*WHAT IS BEING ASKED*. All of the entries are to be printed exactly as they appear.

***** WORKING DATA *****

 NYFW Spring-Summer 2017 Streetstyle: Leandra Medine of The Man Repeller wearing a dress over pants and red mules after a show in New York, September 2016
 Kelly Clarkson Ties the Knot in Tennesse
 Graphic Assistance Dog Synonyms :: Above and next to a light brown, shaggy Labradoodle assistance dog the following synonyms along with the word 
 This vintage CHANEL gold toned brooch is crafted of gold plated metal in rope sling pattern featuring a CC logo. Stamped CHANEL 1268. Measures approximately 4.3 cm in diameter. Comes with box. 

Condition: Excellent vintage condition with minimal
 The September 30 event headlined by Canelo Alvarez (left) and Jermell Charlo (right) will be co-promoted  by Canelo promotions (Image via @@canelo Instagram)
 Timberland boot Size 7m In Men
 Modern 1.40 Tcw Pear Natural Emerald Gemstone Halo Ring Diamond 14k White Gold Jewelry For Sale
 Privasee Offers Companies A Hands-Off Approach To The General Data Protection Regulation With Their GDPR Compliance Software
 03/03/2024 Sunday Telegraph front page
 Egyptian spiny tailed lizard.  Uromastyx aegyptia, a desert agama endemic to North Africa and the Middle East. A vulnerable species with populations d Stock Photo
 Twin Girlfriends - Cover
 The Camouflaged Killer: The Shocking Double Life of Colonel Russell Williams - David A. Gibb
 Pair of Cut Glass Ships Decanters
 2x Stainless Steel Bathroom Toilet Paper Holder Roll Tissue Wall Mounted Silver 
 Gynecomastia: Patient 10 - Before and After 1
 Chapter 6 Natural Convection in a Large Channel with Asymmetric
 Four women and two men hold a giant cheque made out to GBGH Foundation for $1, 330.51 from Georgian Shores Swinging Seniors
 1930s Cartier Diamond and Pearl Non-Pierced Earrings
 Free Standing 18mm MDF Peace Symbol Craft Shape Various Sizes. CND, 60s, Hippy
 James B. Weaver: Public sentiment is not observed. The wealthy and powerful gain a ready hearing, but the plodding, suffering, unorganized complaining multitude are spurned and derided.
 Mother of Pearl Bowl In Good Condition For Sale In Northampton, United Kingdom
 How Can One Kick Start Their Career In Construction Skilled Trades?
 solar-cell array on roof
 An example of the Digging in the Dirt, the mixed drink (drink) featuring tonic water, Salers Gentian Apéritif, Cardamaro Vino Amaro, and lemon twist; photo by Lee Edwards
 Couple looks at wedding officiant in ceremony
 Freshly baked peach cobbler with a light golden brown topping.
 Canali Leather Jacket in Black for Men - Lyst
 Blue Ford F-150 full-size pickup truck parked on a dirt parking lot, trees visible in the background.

*****

*OUTPUT FOR THIS TASK*.
 NYFW Spring-Summer 2017 Streetstyle: Leandra Medine of The Man Repeller wearing a dress over pants and red mules after a show in New York, September 2016
 Kelly Clarkson Ties the Knot in Tennesse
 Graphic Assistance Dog Synonyms :: Above and next to a light brown, shaggy Labradoodle assistance dog the following synonyms along with the word 
 This vintage CHANEL gold toned brooch is crafted of gold plated metal in rope sling pattern featuring a CC logo. Stamped CHANEL 1268. Measures approximately 4.3 cm in diameter. Comes with box. 

Condition: Excellent vintage condition with minimal
 The September 30 event headlined by Canelo Alvarez (left) and Jermell Charlo (right) will be co-promoted  by Canelo promotions (Image via @@canelo Instagram)
 Timberland boot Size 7m In Men
 Modern 1.40 Tcw Pear Natural Emerald Gemstone Halo Ring Diamond 14k White Gold Jewelry For Sale
 Privasee Offers Companies A Hands-Off Approach To The General Data Protection Regulation With Their GDPR Compliance Software
 03/03/2024 Sunday Telegraph front page
 Egyptian spiny tailed lizard.  Uromastyx aegyptia, a desert agama endemic to North Africa and the Middle East. A vulnerable species with populations d Stock Photo
 Twin Girlfriends - Cover
 The Camouflaged Killer: The Shocking Double Life of Colonel Russell Williams - David A. Gibb
 Pair of Cut Glass Ships Decanters
 2x Stainless Steel Bathroom Toilet Paper Holder Roll Tissue Wall Mounted Silver 
 Gynecomastia: Patient 10 - Before and After 1
 Chapter 6 Natural Convection in a Large Channel with Asymmetric
 Four women and two men hold a giant cheque made out to GBGH Foundation for $1, 330.51 from Georgian Shores Swinging Seniors
 1930s Cartier Diamond and Pearl Non-Pierced Earrings
 Free Standing 18mm MDF Peace Symbol Craft Shape Various Sizes. CND, 60s, Hippy
 James B. Weaver: Public sentiment is not observed. The wealthy and powerful gain a ready hearing, but the plodding, suffering, unorganized complaining multitude are spurned and derided.
 Mother of Pearl Bowl In Good Condition For Sale In Northampton, United Kingdom
 How Can One Kick Start Their Career In Construction Skilled Trades?
 solar-cell array on roof
 An example of the Digging in the Dirt, the mixed drink (drink) featuring tonic water, Salers Gentian Apéritif, Cardamaro Vino Amaro, and lemon twist; photo by Lee Edwards
 Couple looks at wedding officiant in ceremony
 Freshly baked peach cobbler with a light golden brown topping.
 Canali Leather Jacket in Black for Men - Lyst
 Blue Ford F-150 full-size pickup truck parked on a dirt parking lot, trees visible in the background.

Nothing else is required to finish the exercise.